● **Raw data**
/---

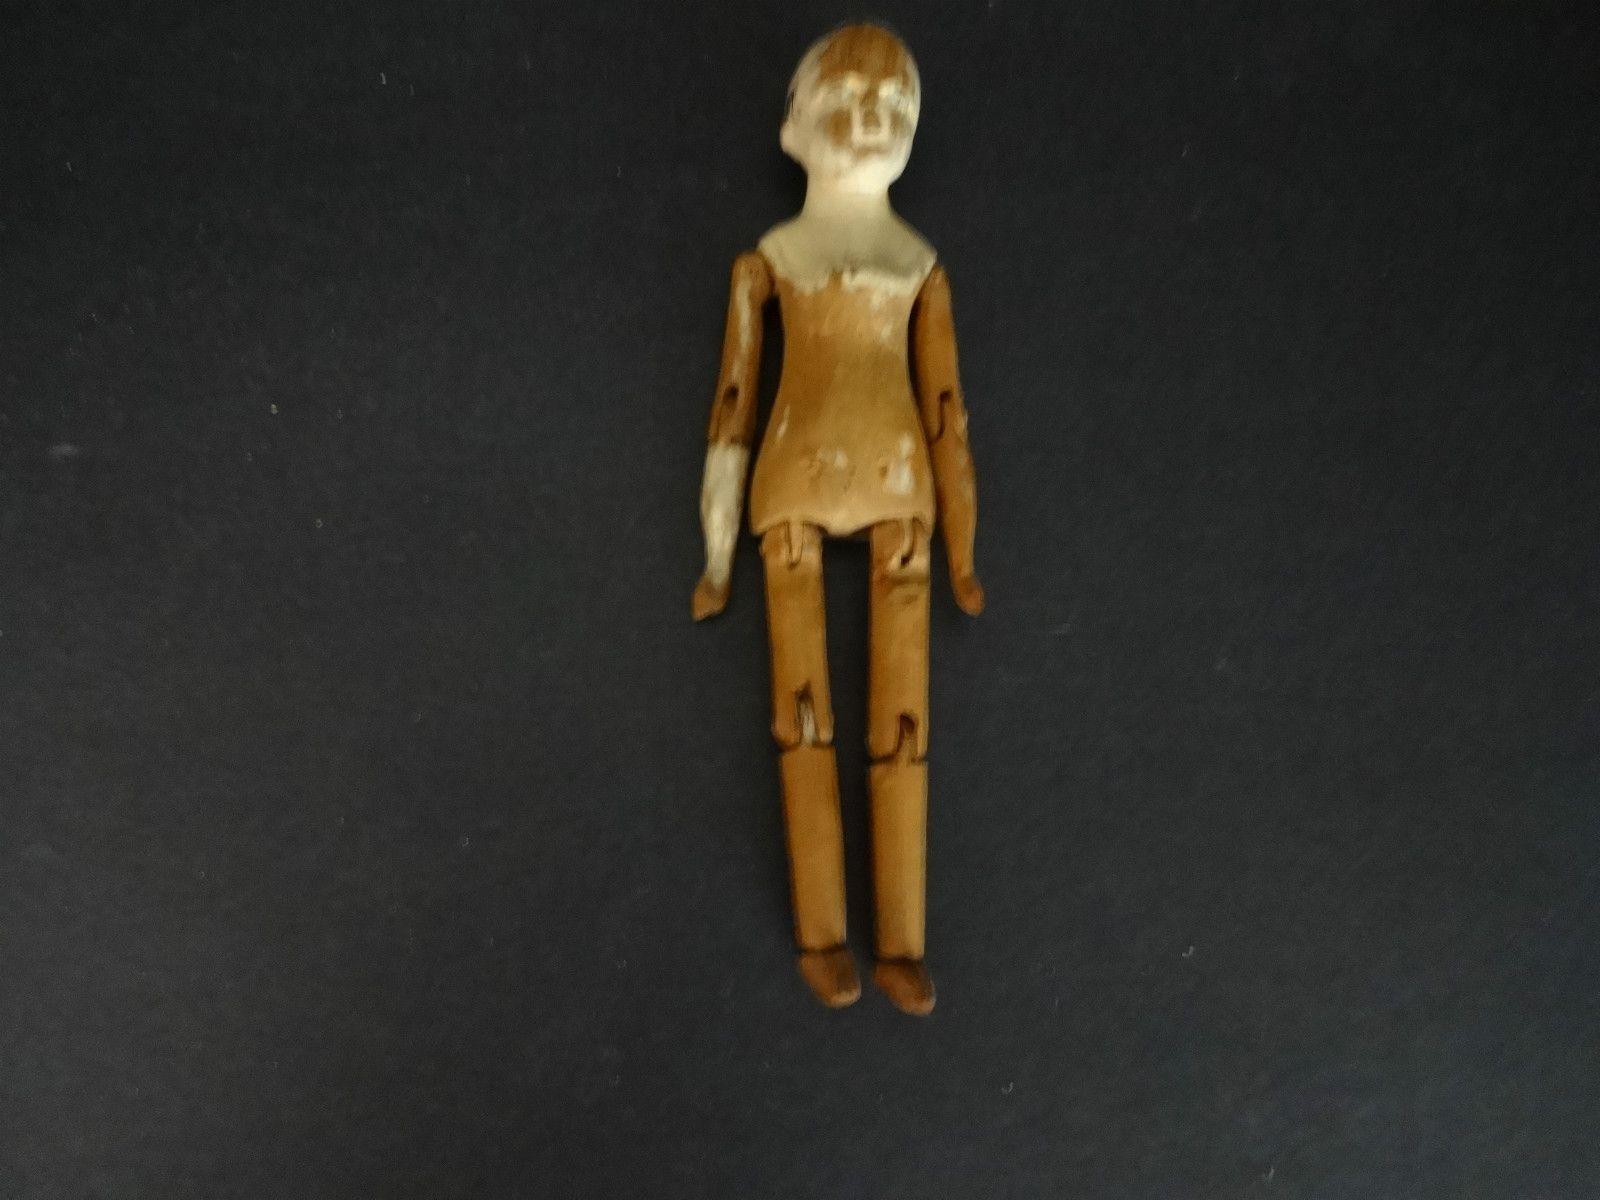 Early 8 inch Peg Wooden Doll | eBay
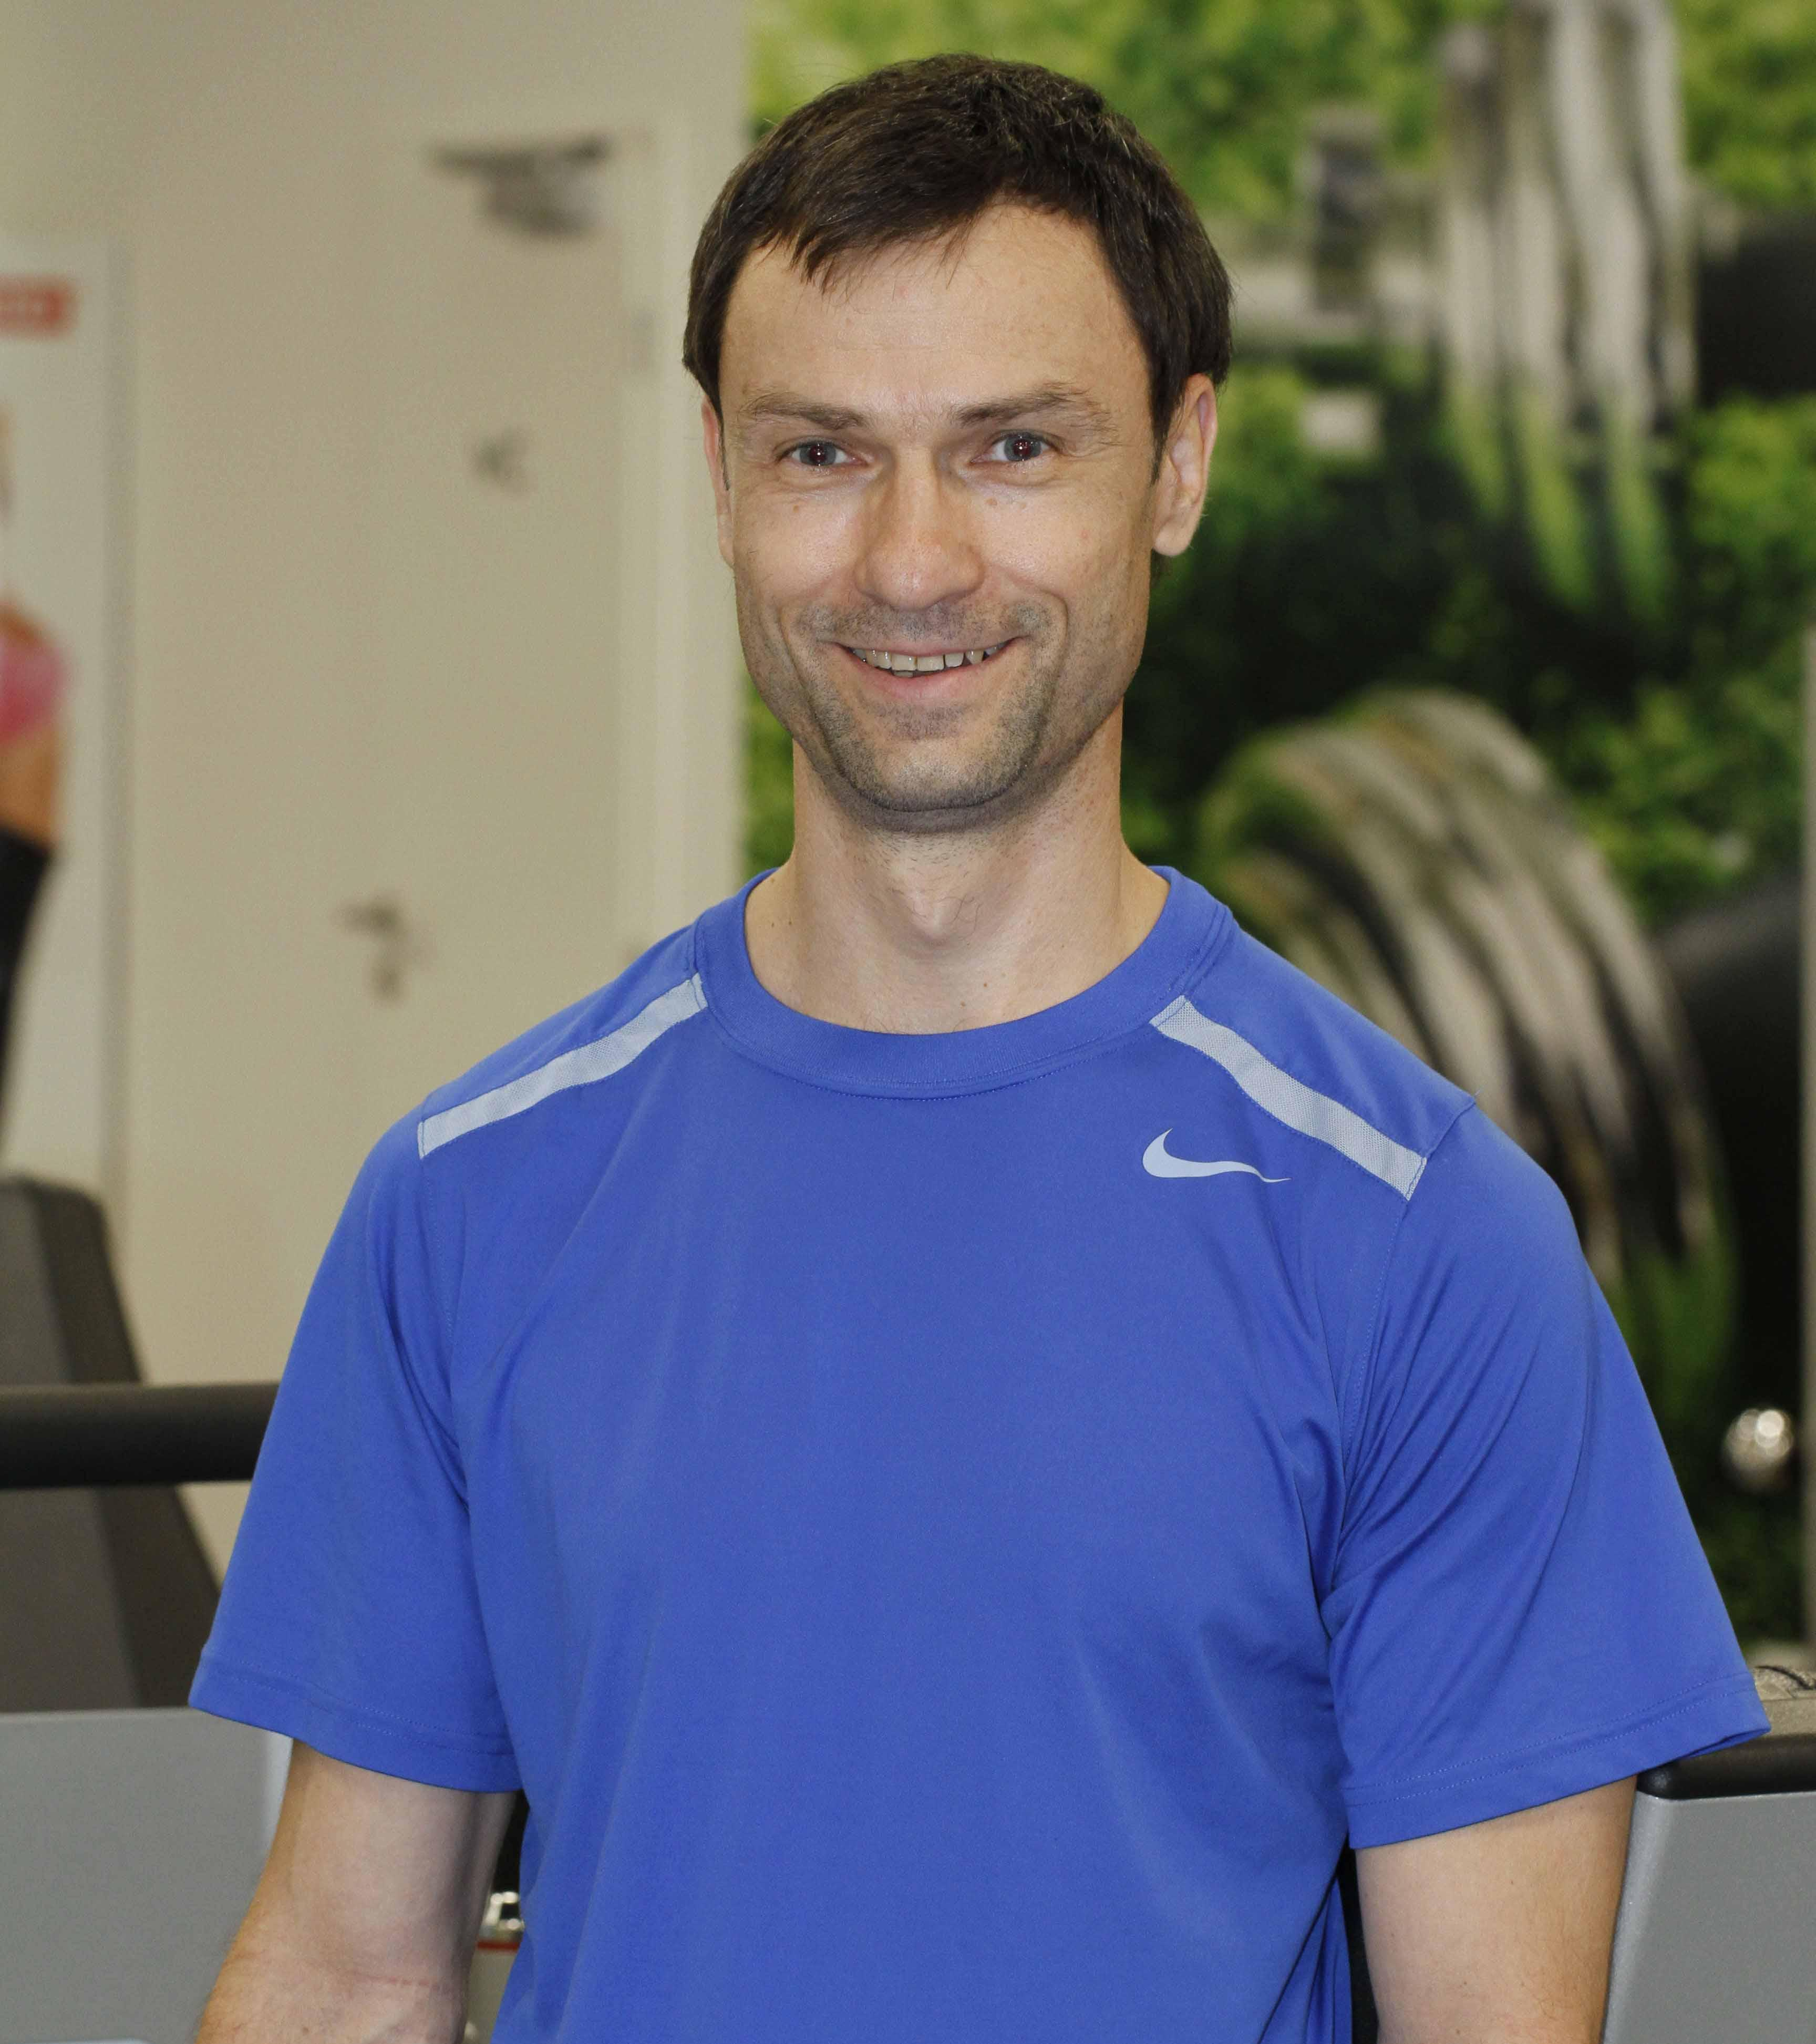 Vladimmir Ondra
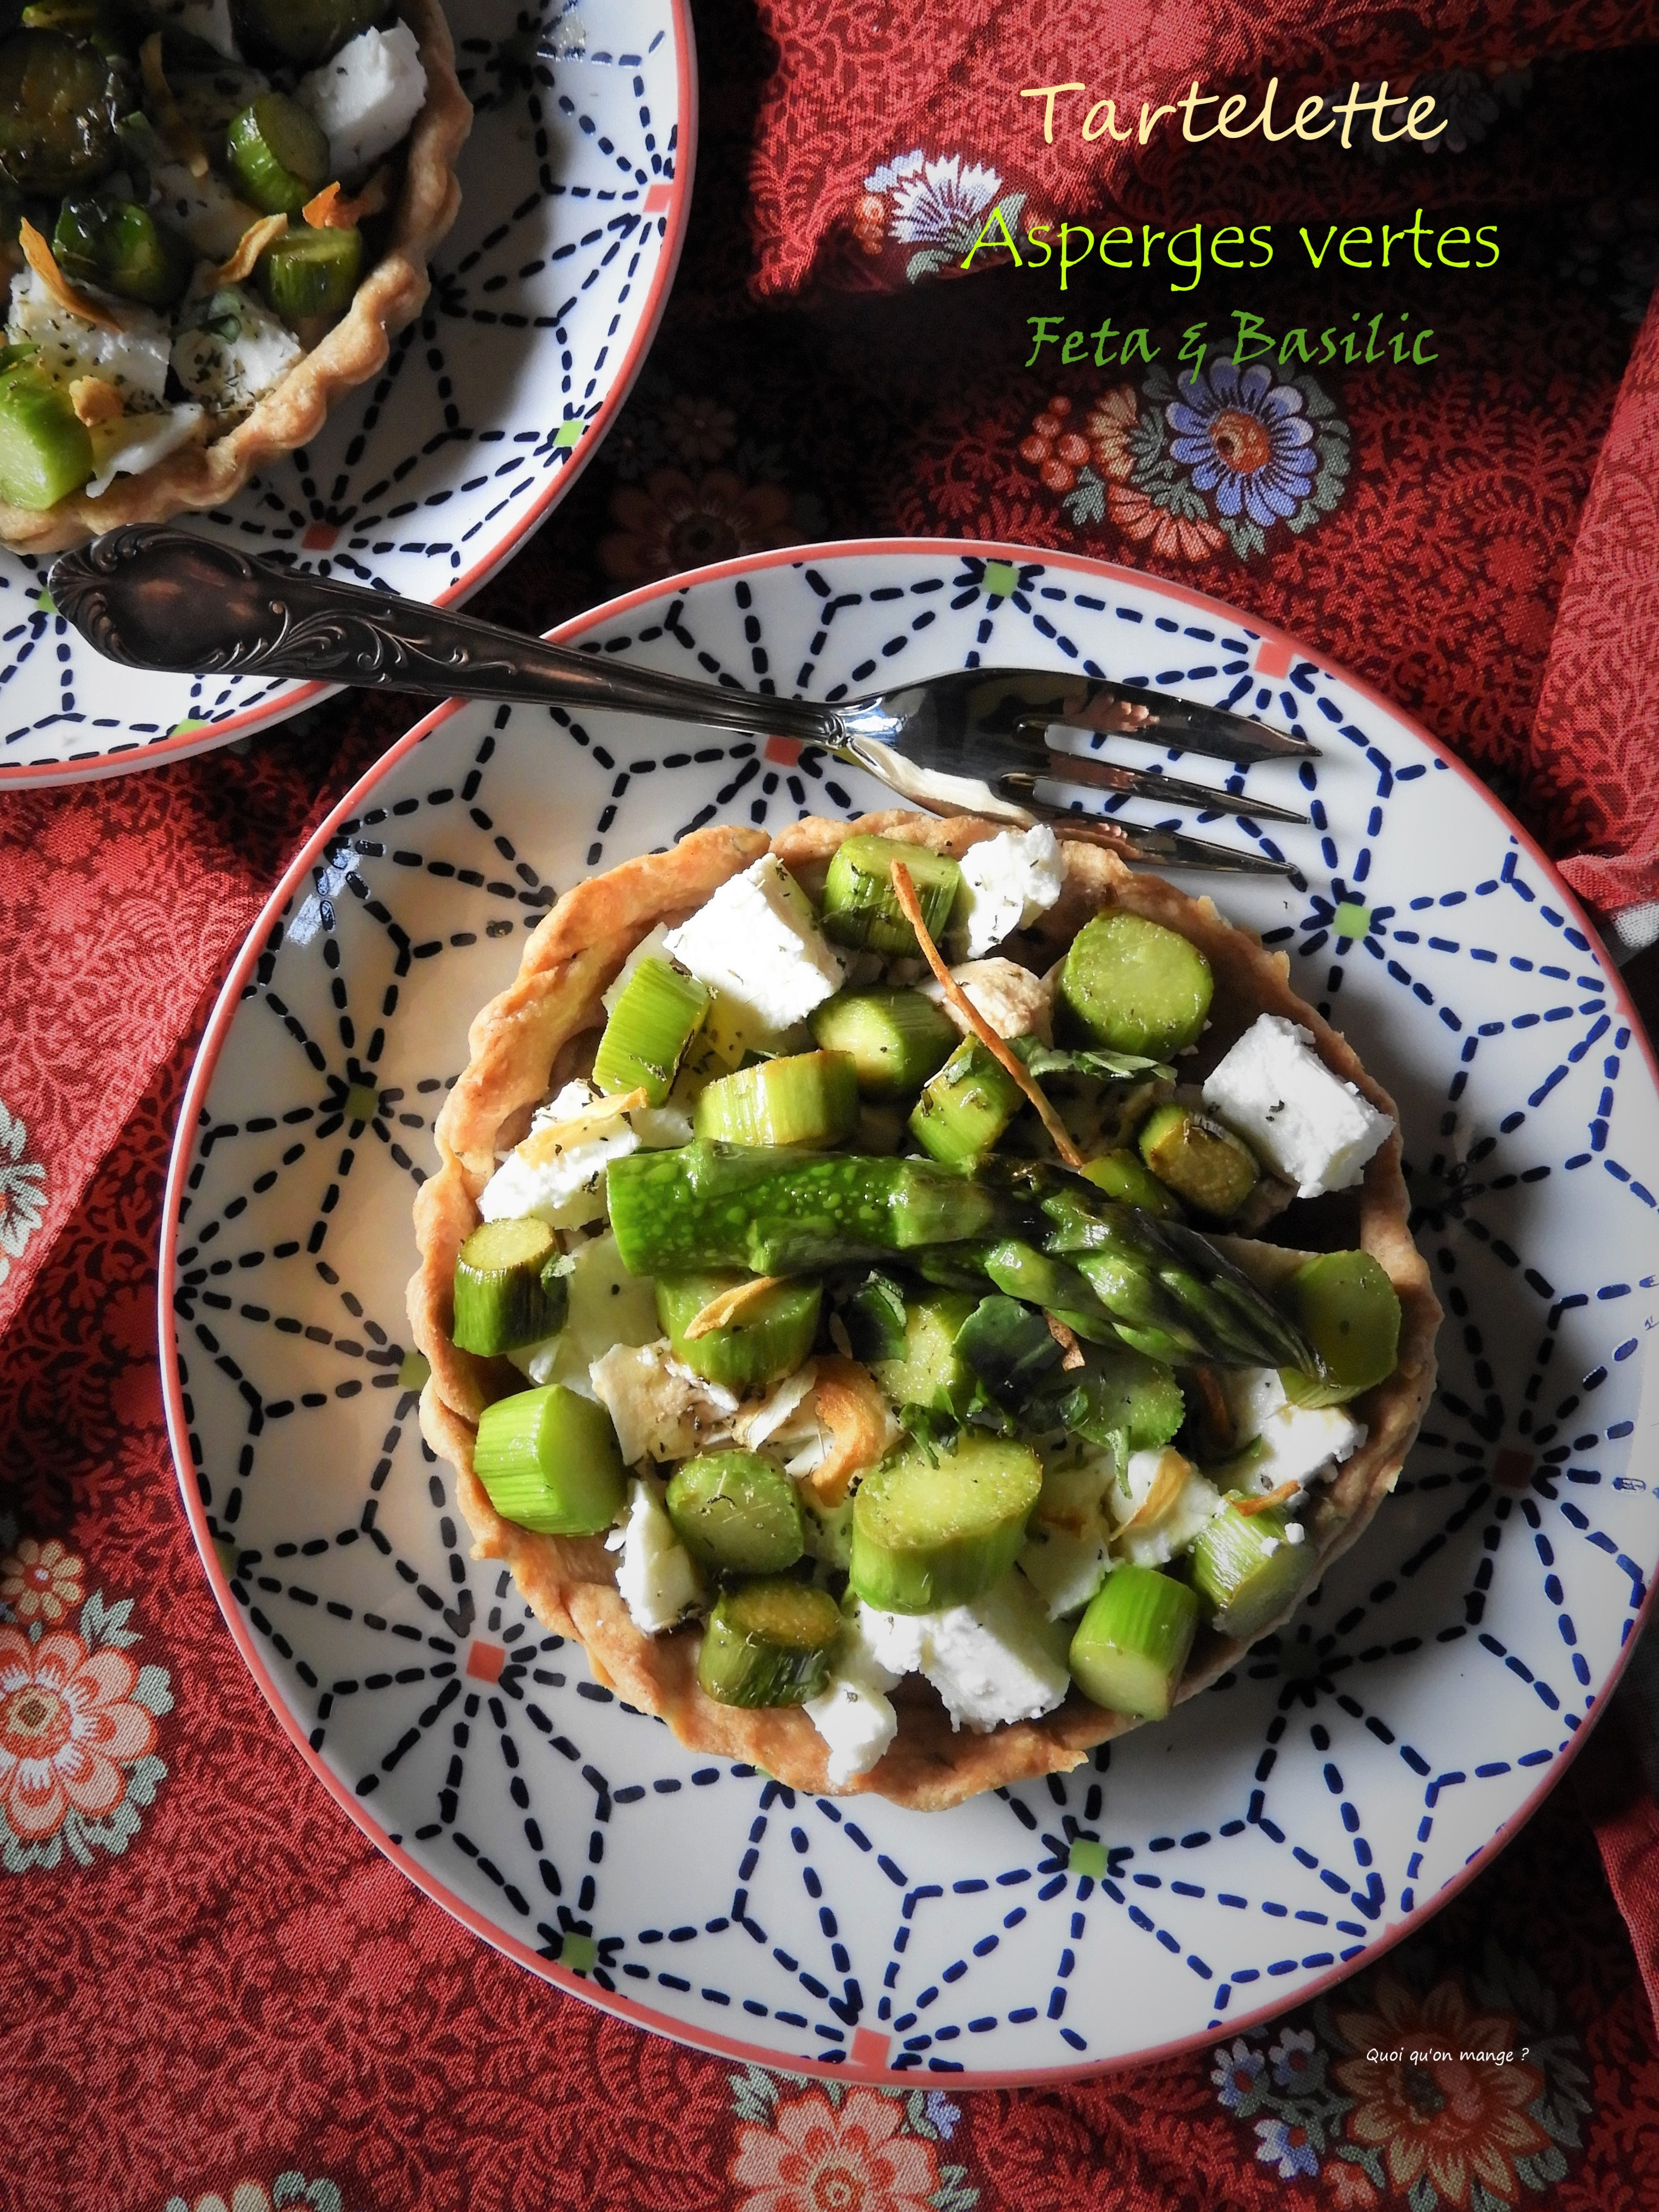 Tartelette asperges vertes, feta & basilic

\---

The listing is to be repeated word for word, with all pictures omitted.

● **Solution to the problem**
 Early 8 inch Peg Wooden Doll | eBay
 Vladimmir Ondra
 Tartelette asperges vertes, feta & basilic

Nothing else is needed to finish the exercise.